**Given information**
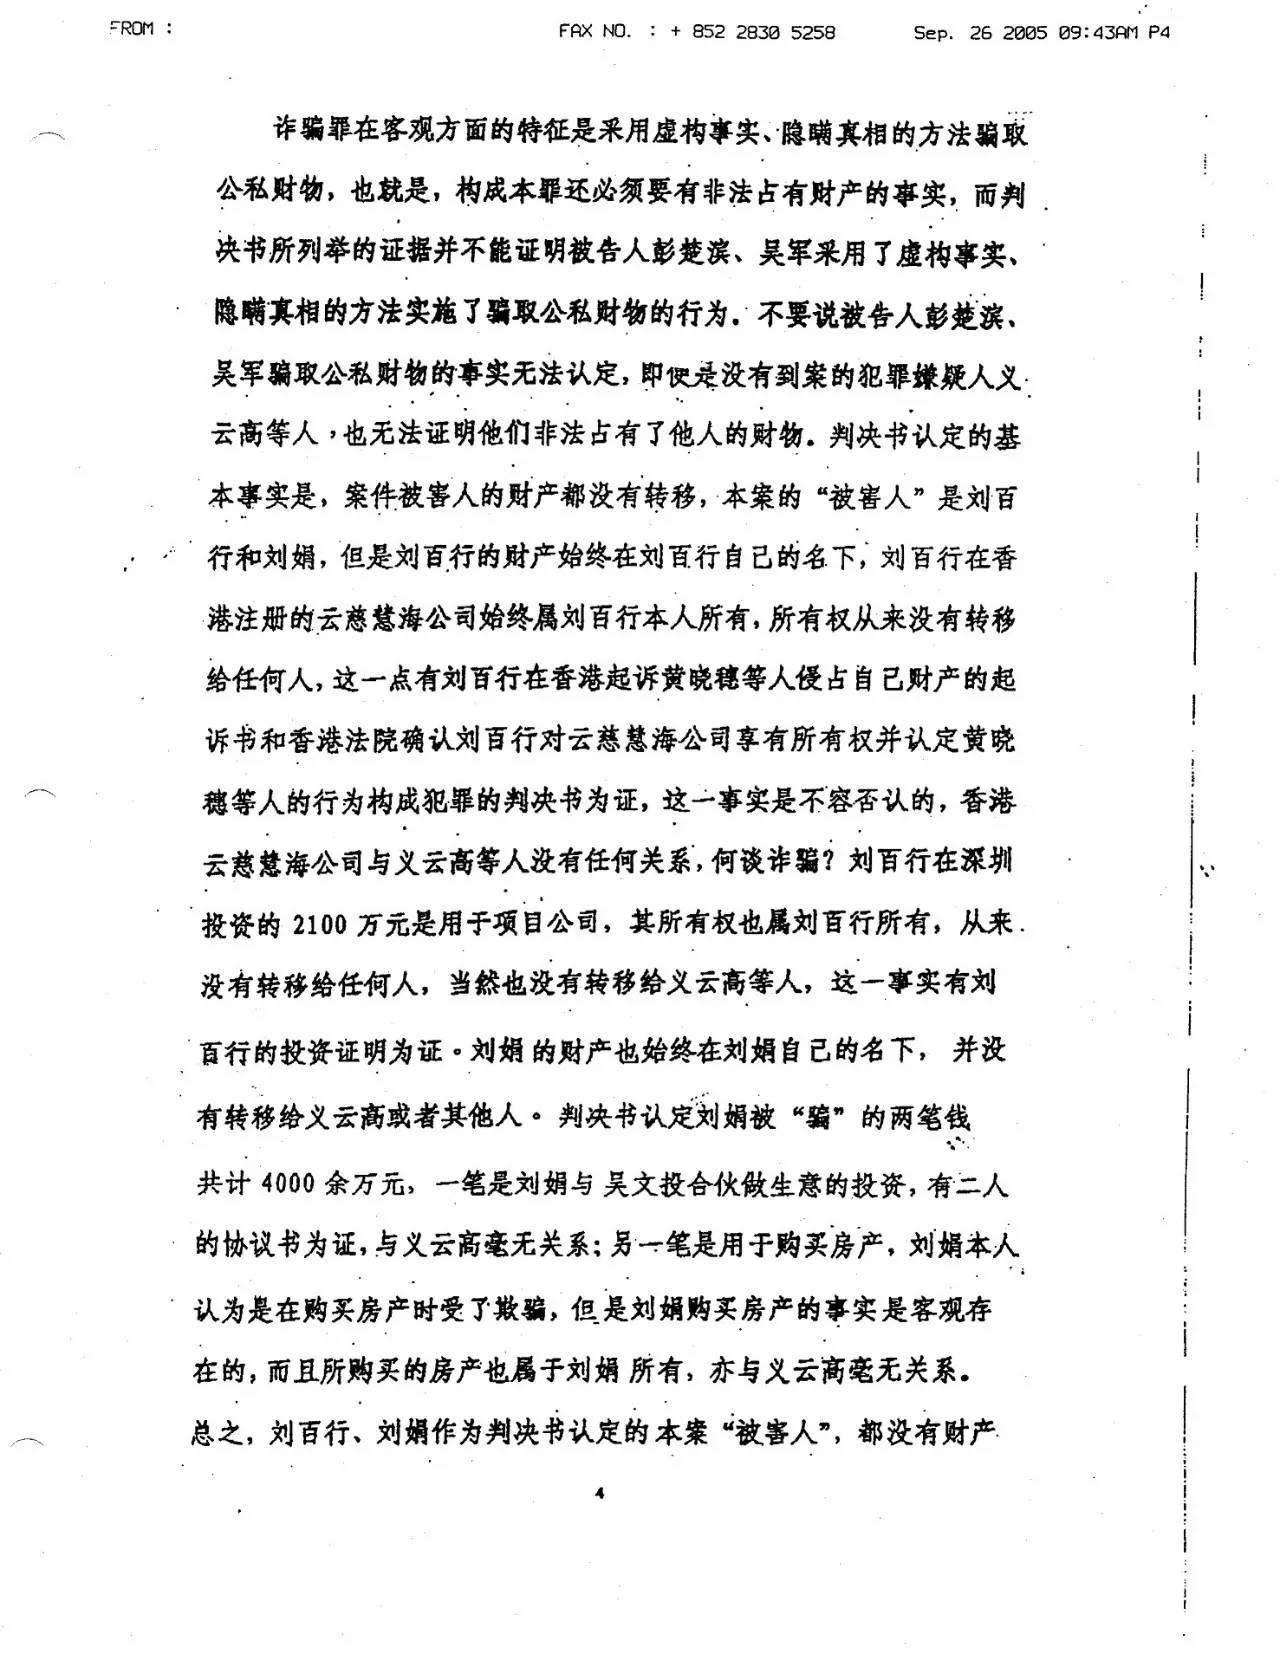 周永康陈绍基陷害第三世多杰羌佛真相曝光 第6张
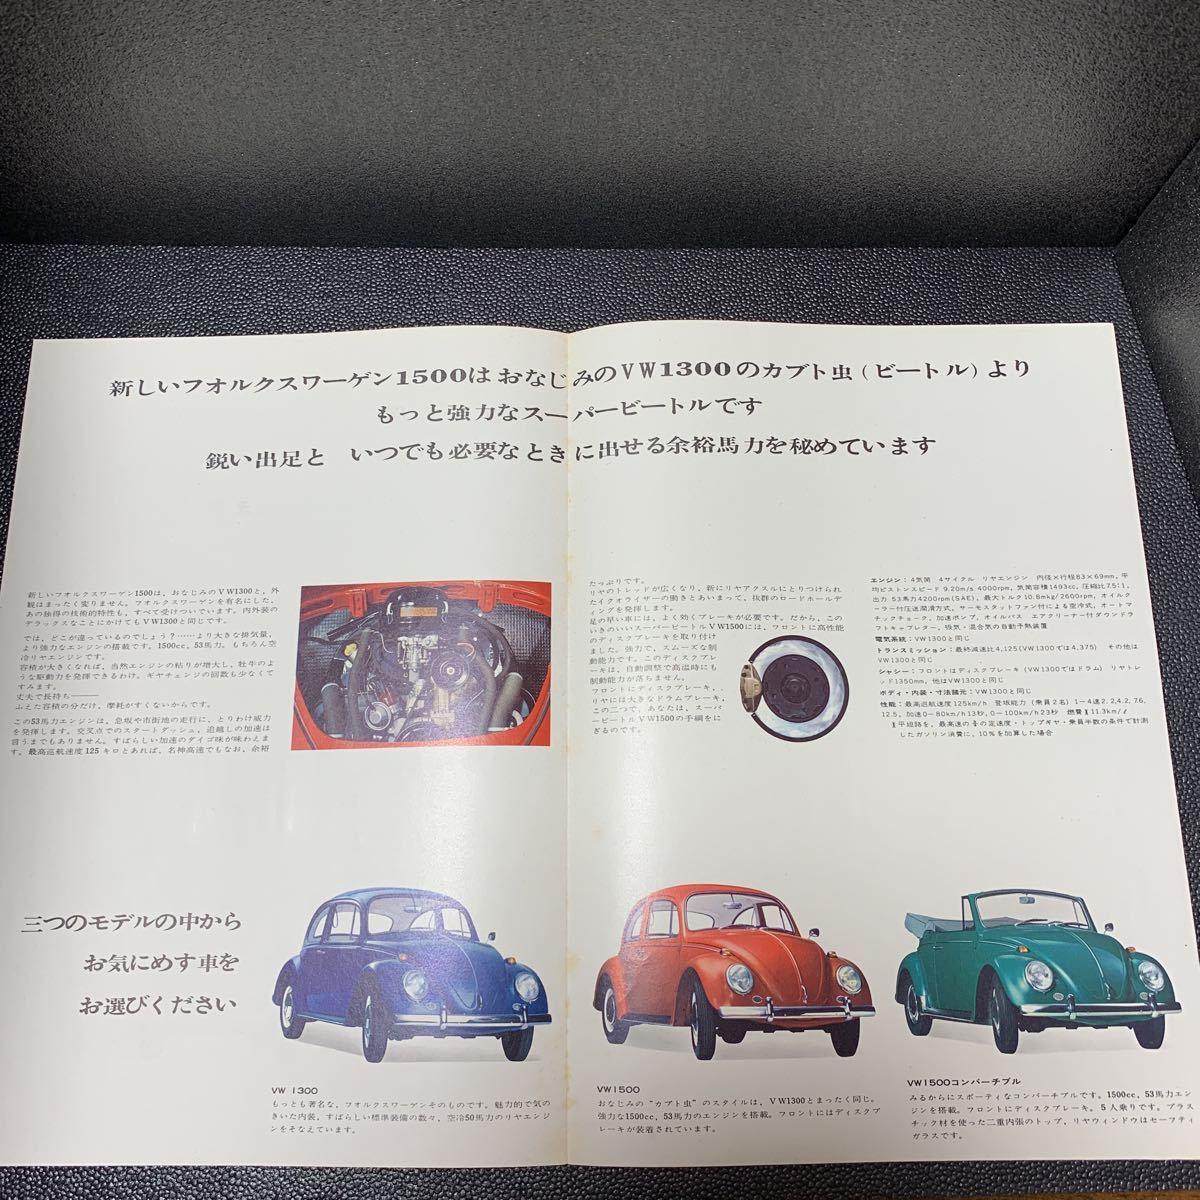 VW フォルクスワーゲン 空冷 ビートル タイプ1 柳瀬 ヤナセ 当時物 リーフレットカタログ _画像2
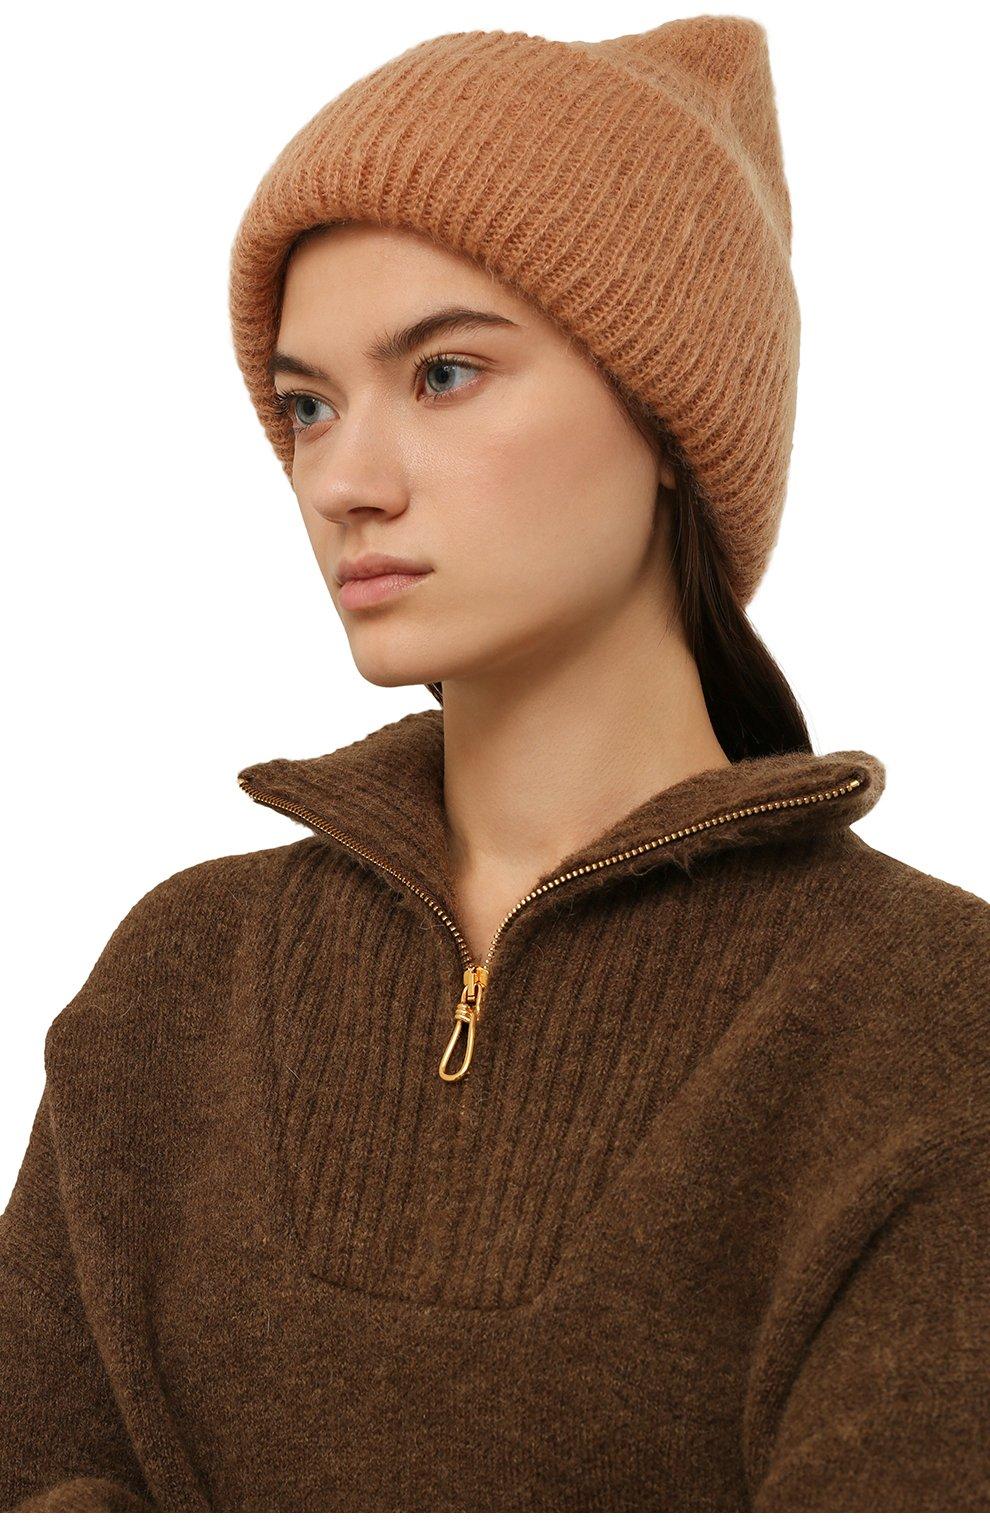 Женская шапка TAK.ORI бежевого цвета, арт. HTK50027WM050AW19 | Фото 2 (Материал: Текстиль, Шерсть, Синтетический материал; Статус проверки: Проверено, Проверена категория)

**Exercise directions**
Only the lines from the one with "VW フォルクスワーゲン 空冷" through the last line above belong in the answer. Reproduce them exactly, without the pictures.

**Answer space**
 VW フォルクスワーゲン 空冷 ビートル タイプ1 柳瀬 ヤナセ 当時物 リーフレットカタログ _画像2
 Женская шапка TAK.ORI бежевого цвета, арт. HTK50027WM050AW19 | Фото 2 (Материал: Текстиль, Шерсть, Синтетический материал; Статус проверки: Проверено, Проверена категория)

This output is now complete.